We think we all know what we refer to when we say "teenager," but the actual age of teenagers can sometimes get mixed up. Is an 11-year-old a teenager yet? Are 19-year-olds still teenagers? The World Health Organization, for one, places teenagers between the ages of 10 and 19.
The American Academy of Pediatrics distinguishes three stages of adolescence. They say that it starts at 10 years old and goes on until we're 21 (and, sometimes, even beyond!). Early teenagehood, according to them, is from 10 to 13 years. Middle adolescence is from 14 to 17, and the latest stage is from 18 to 21.
Nowadays, we associate teenagers with rebellion, sulkiness, and phrases like "It's not a phase, Mom!" But teenagehood wasn't always a thing. Teenagers as a concept in society only appeared in the middle of the 20th century. Until then, you simply used to be a child, and then, bam! You're suddenly an adult, having to work just like any other grown-up.
Back in those days, people even treated children as adults. The world consisted of children and adults. Kids used to work menial and dangerous jobs at ages as young as seven years old. Children and teens usually worked on their family's farms, and when industrialization came around, they became factory workers.
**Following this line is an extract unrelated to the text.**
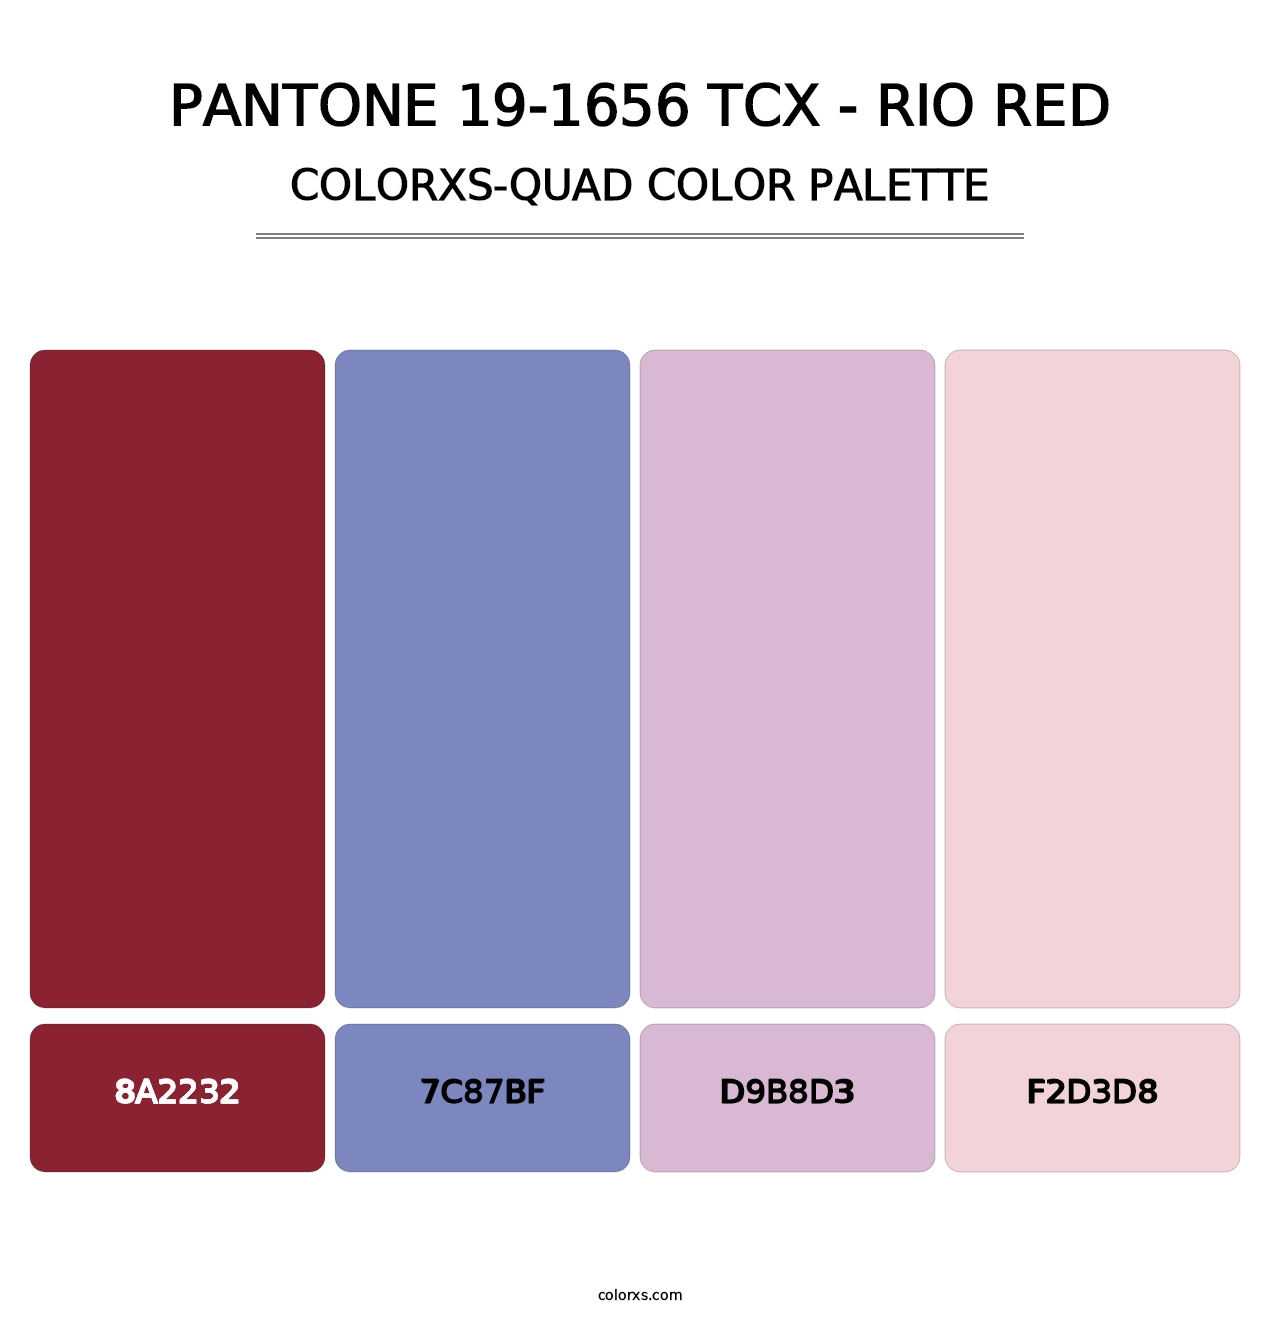 PANTONE 19-1656 TCX - Rio Red - Colorxs Quad Palette
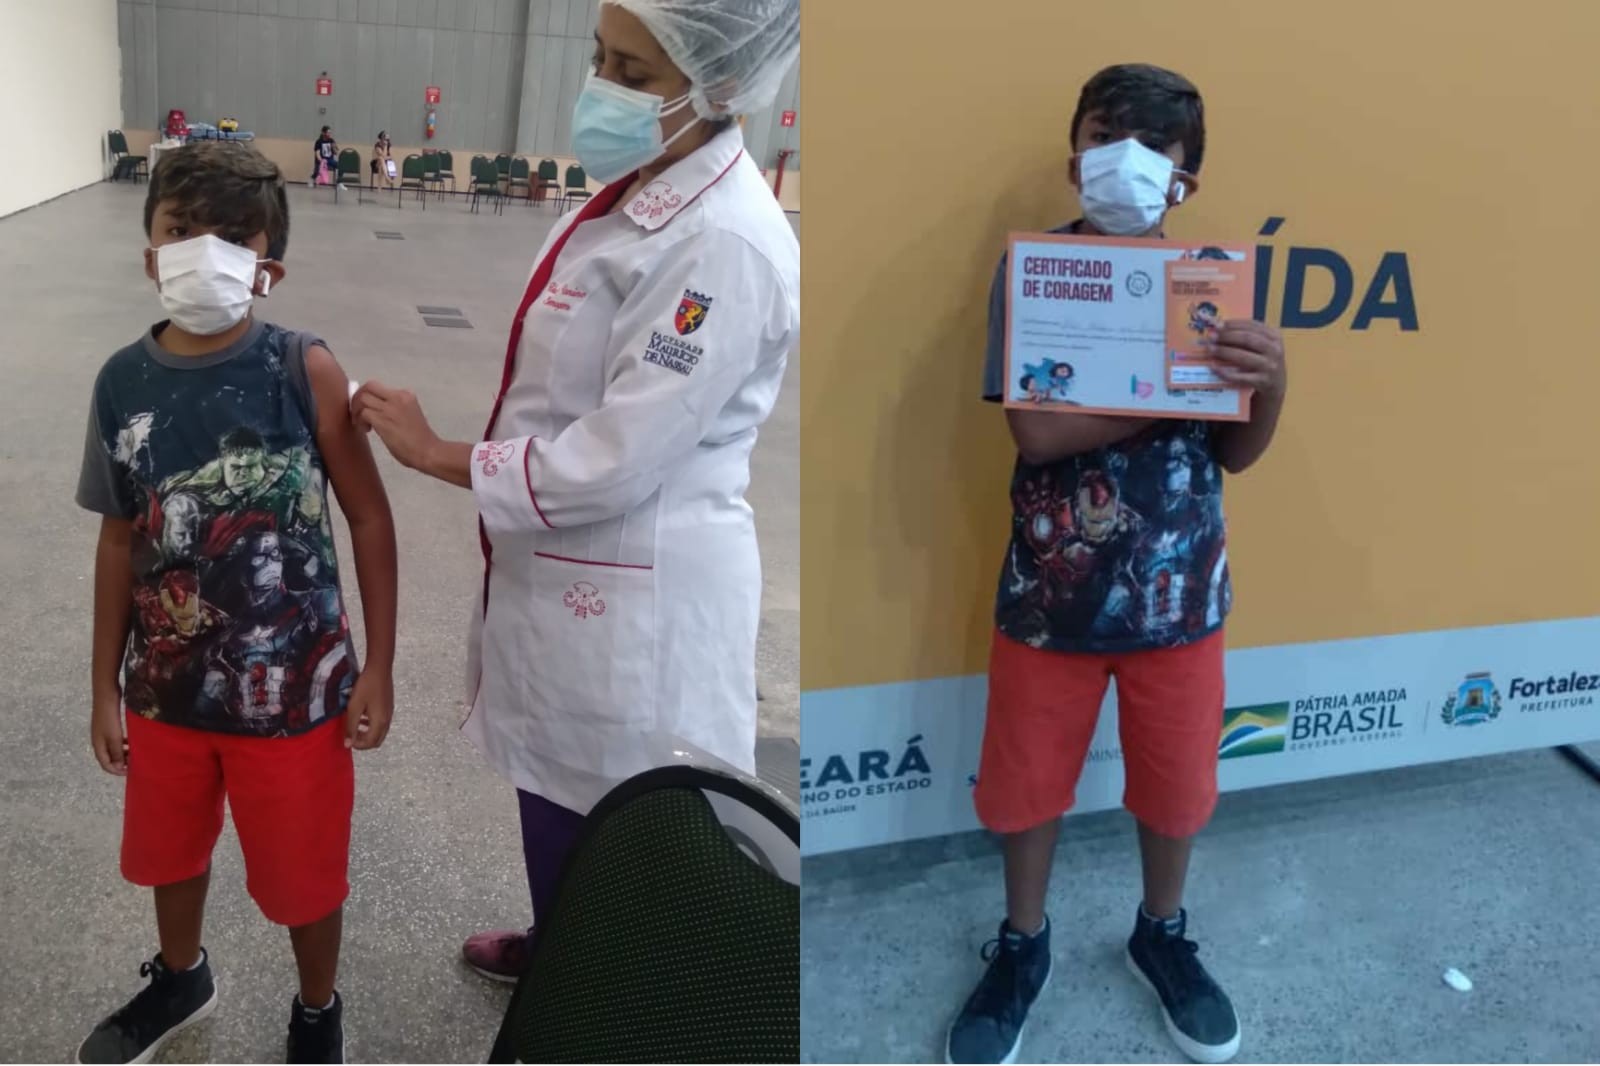 Vídeo: menino de 10 anos dança funk antes de tomar vacina contra Covid em Fortaleza; 'perdi o medo', diz

Of course, those who grew up in more well-off families wouldn't work on farms or in factories. They would receive an education and go on to become lawyers, doctors, priests, and such. Before the 19th century, only a small portion of the child population would receive any education in Britain at all.
The U.S. passed laws between 1920 and 1936 to save children from toiling away in factories. As a result, the percentage of kids and teenagers in schools more than doubled from 30% to 60%.
The director of the documentary Teenage said that the Industrial Revolution inadvertently paved the way for child labor laws and, in turn, for teenagehood to become a thing. "The Industrial Revolution and the advent of child labor was a good way to bracket the story, since once you went to work, you were no longer considered a kid," he told Collectors Weekly. "When they started to make child labor illegal, this second stage of life emerged, and it needed a name. It was called adolescence."
The word 'teenager' wasn't always in our collective vocabulary, either. Some sources, like Merriam-Webster, claim its first (as in 'Teen-Ager') use was in 1913. Others say that a reviewer of Psychologist G. Stanley Hall's book Adolescence used the term 'Teen Age' first. However, the general consensus is that it was not widely used until the 20th century.
The fact that the United States started recognizing teenagers as a separate age group is well documented by a 1945 New York Times article titled Teenage Bill of Rights. The 10 principles described in the text establish the essence of what we consider teenagehood now: the freedom and independence to become your own person. There was less pressure for adolescents to serve their parents and family, and they could go off and explore their separate identities.